Surat perintah penyidikan Asabri diteken oleh Direktur Penyidikan Febrie Adriansyah atas nama Jaksa Agung Muda Tindak Pidana Khusus, sebagaimana Nomor: Print-01/F.2/Fd.2/01/2021 tanggal 14 Januari 2021.

“Jaksa Agung Muda Tindak Pidana Khusus memerintahkan beberapa orang jaksa penyidik untuk melakukan penyidikan dugaan perkara korupsi di manajemen PT ASABRI,” kata Kepala Pusat Penerangan Hukum Kejaksaan Agung, Leonard Eben Ezer Simanjuntak pada Jumat, 15 Januari 2021.
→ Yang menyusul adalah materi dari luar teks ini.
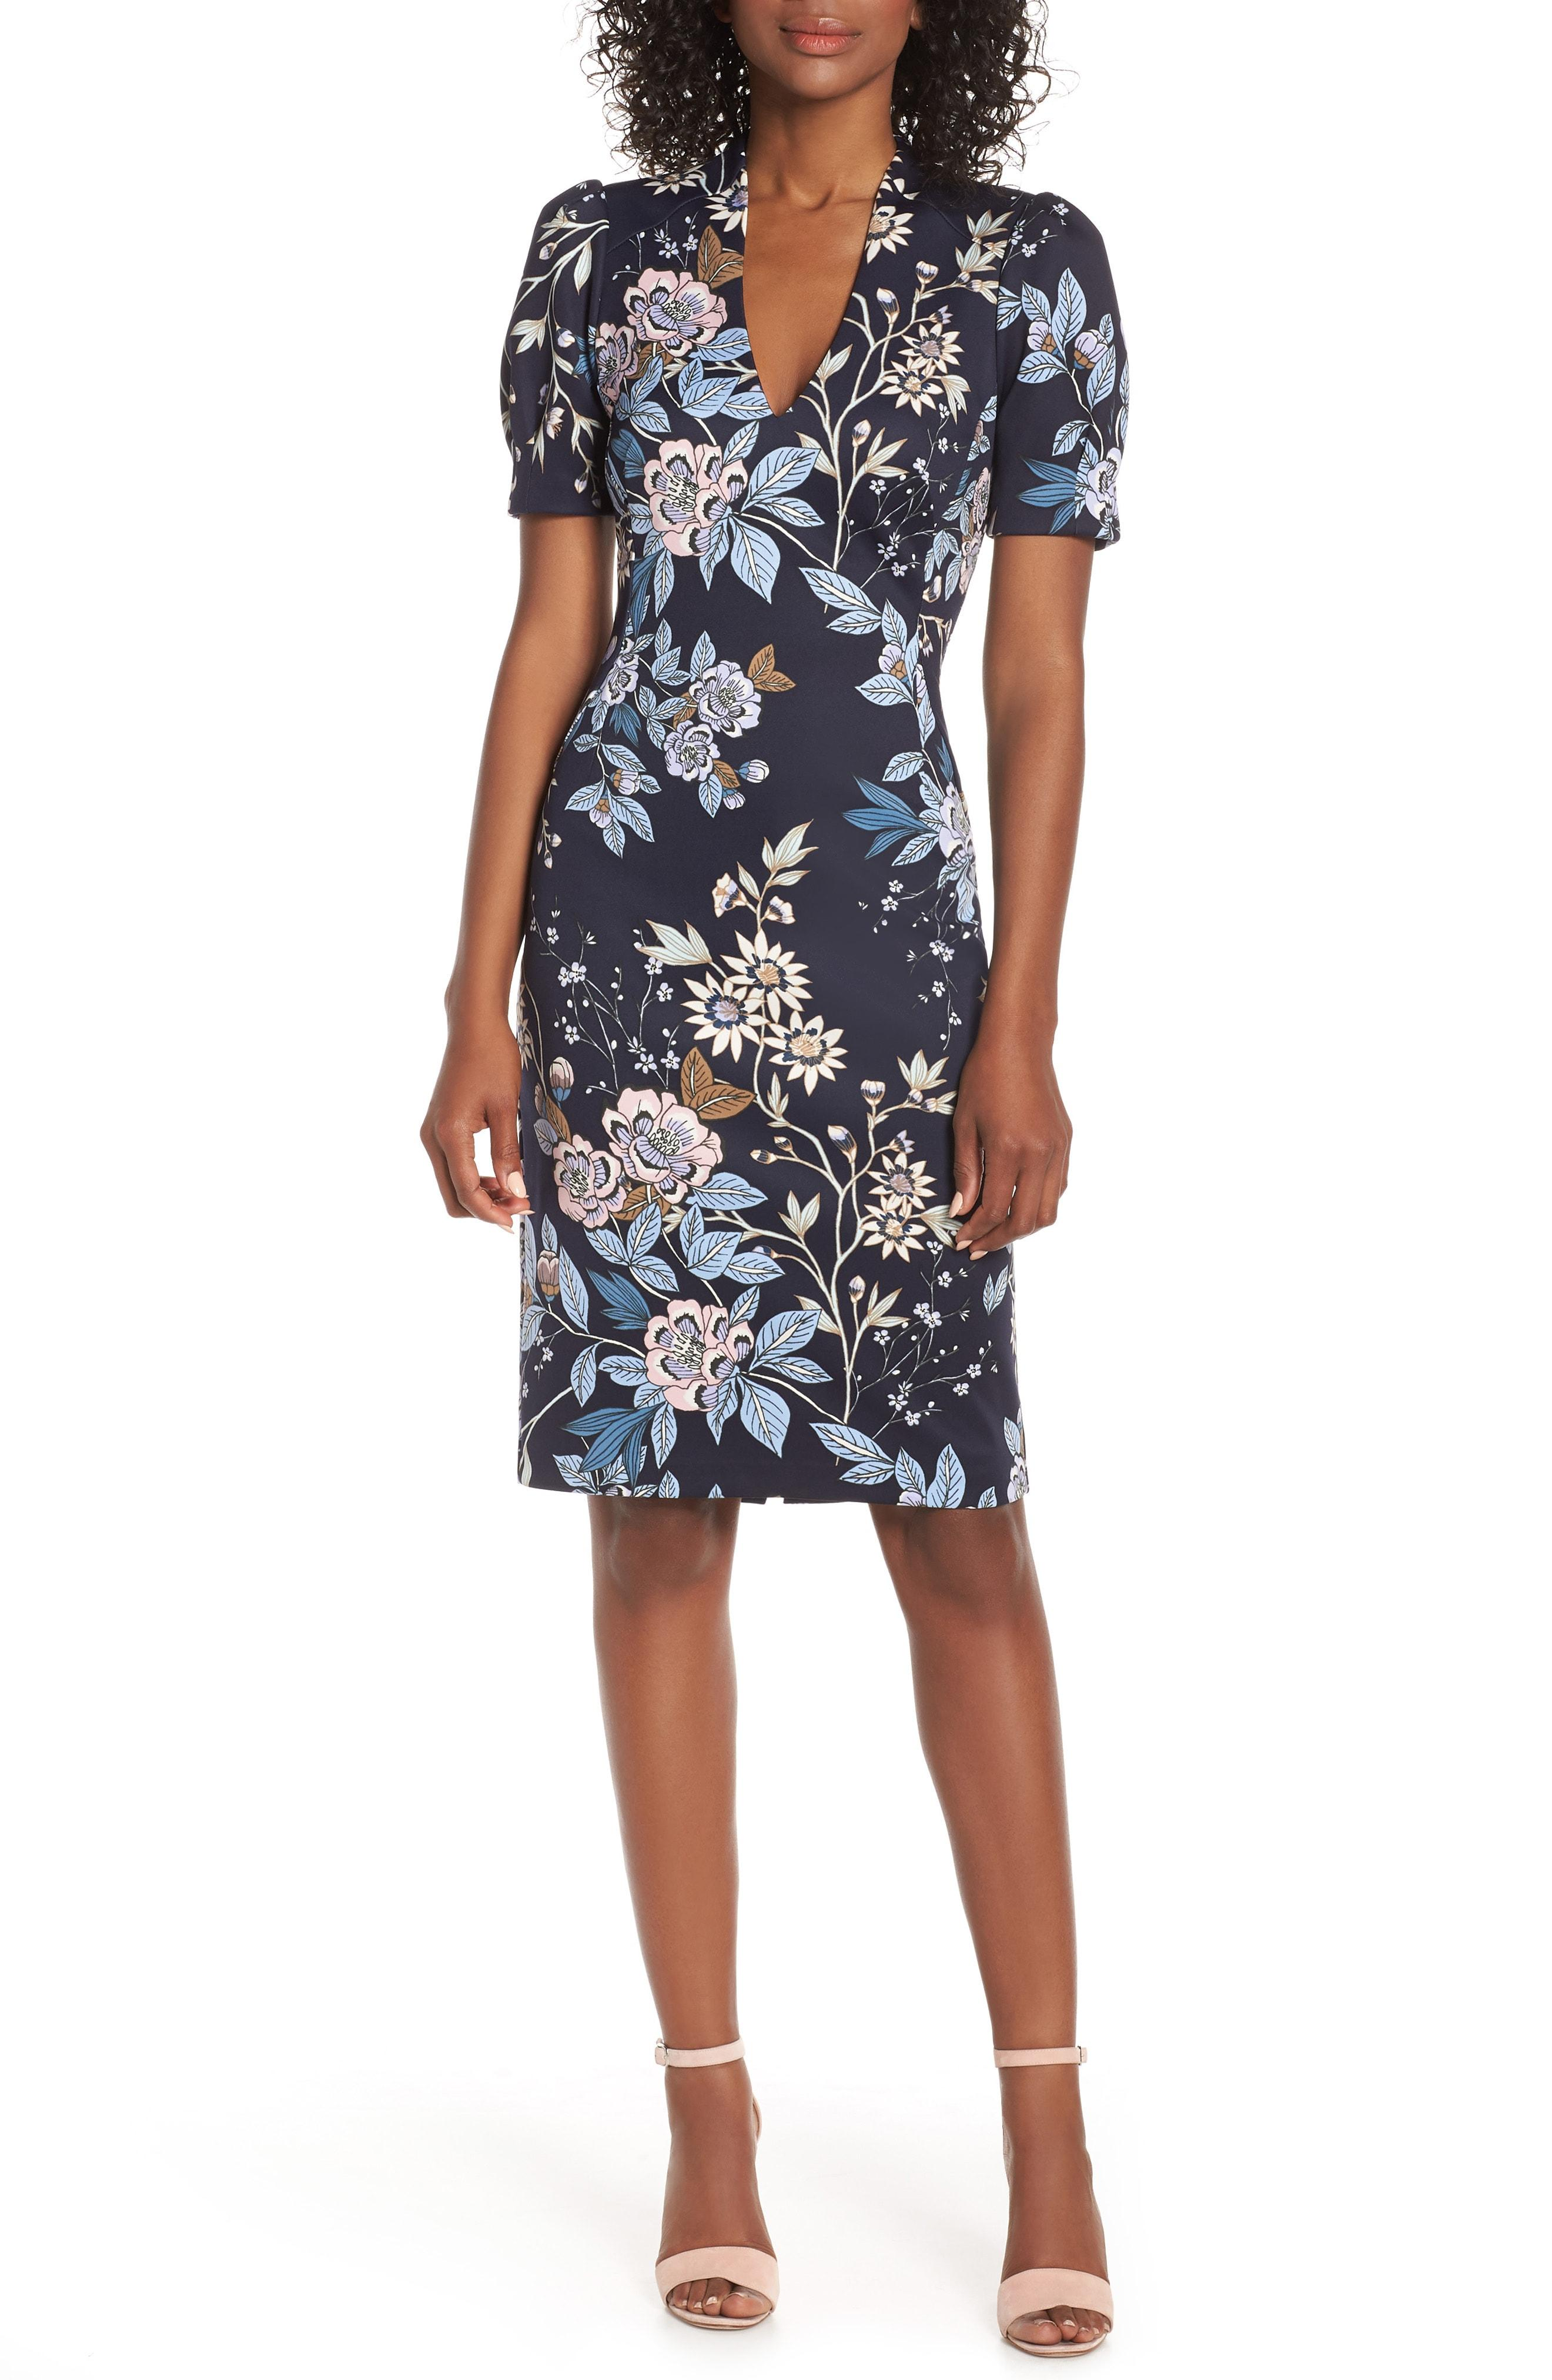 c583f92b Lyst - Vince Camuto Floral Print Scuba Crepe Sheath Dress in Blue
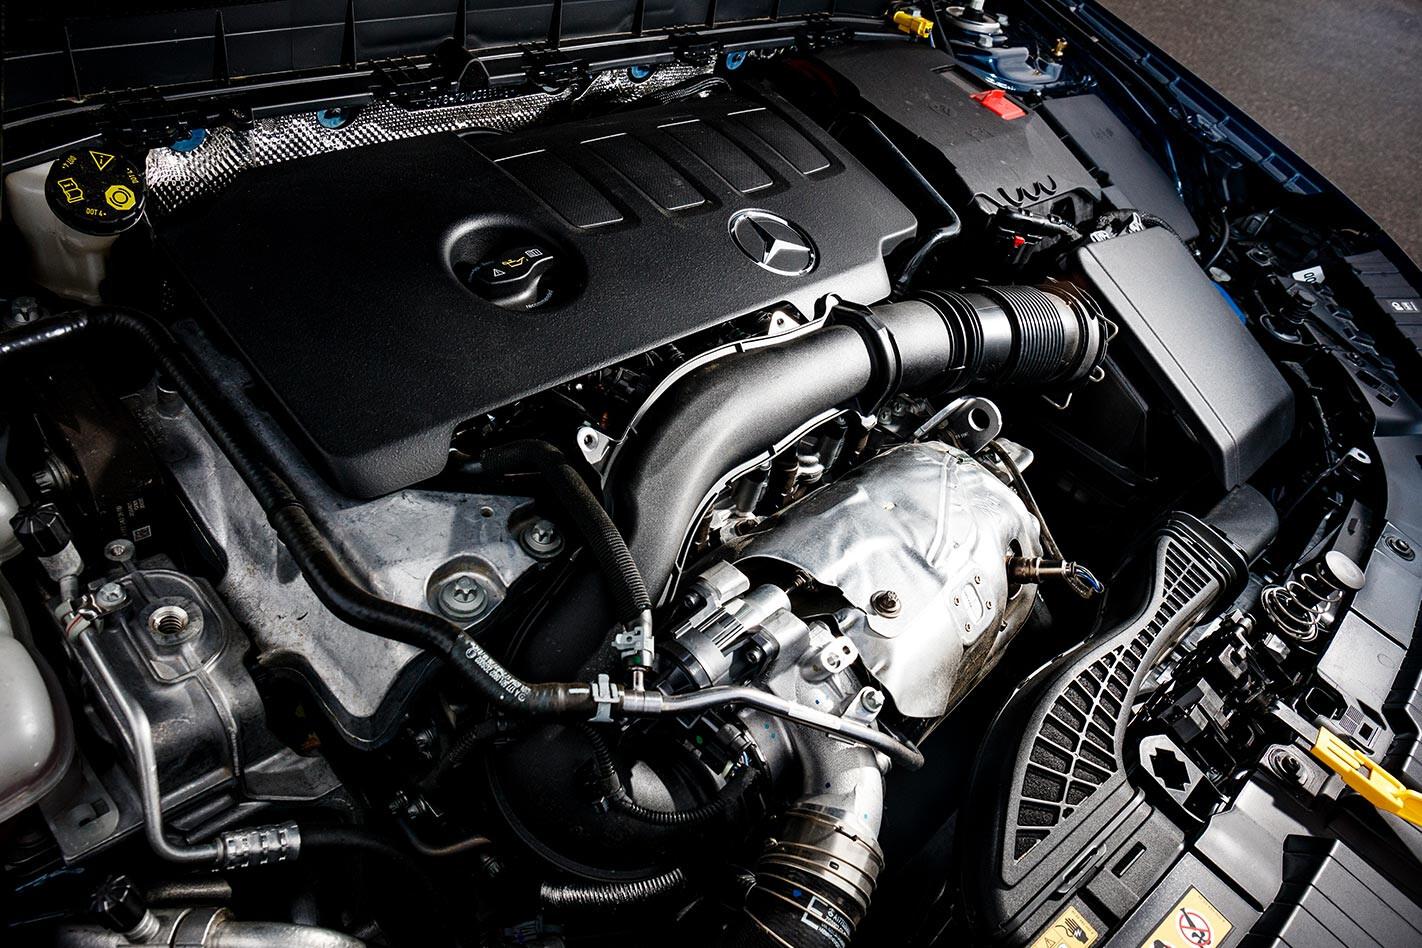 Mercedes-Benz GLB engine bay

Baca juga: Mandalika Jadi Tuan Rumah MotoGP, Ini Janji Sandiaga Uno ke UMKM

Menurut dia, kurun waktu tahun 2012-2019 bahwa PT Asabri telah melakukan kerja sama dengan beberapa pihak untuk mengatur dan mengendalikan dana investasi dalam investasi pembelian saham sebesar Rp10 triliun.

Yakni, pihak-pihak yang terafiliasi dan investasi penyertaan dana pada produk reksa dana sebesar Rp 13 triliun melalui beberapa perusahaan Manajemen Investasi (MI), dengan cara menyimpangi ketentuan peraturan perundang-undangan yang berlaku.

“Perbuatan tersebut diduga telah mengakibatkan kerugian keuangan negara sebagaimana diatur dalam Undang-Undang Republik Indonesia Nomor 31 tahun 1999 tentang Pemberantasan Tindak Pidana Korupsi,” ujarnya.

Selanjutnya, Simanjuntak mengatakan Tim Jaksa Penyidik dalam waktu segera menyusun jadwal pemanggilan saksi-saksi dan tindakan hukum lainnya yang diperlukan.

“Rencananya akan mulai dilakukan pemeriksaan saksi saksi pada minggu depannya,” jelas dia.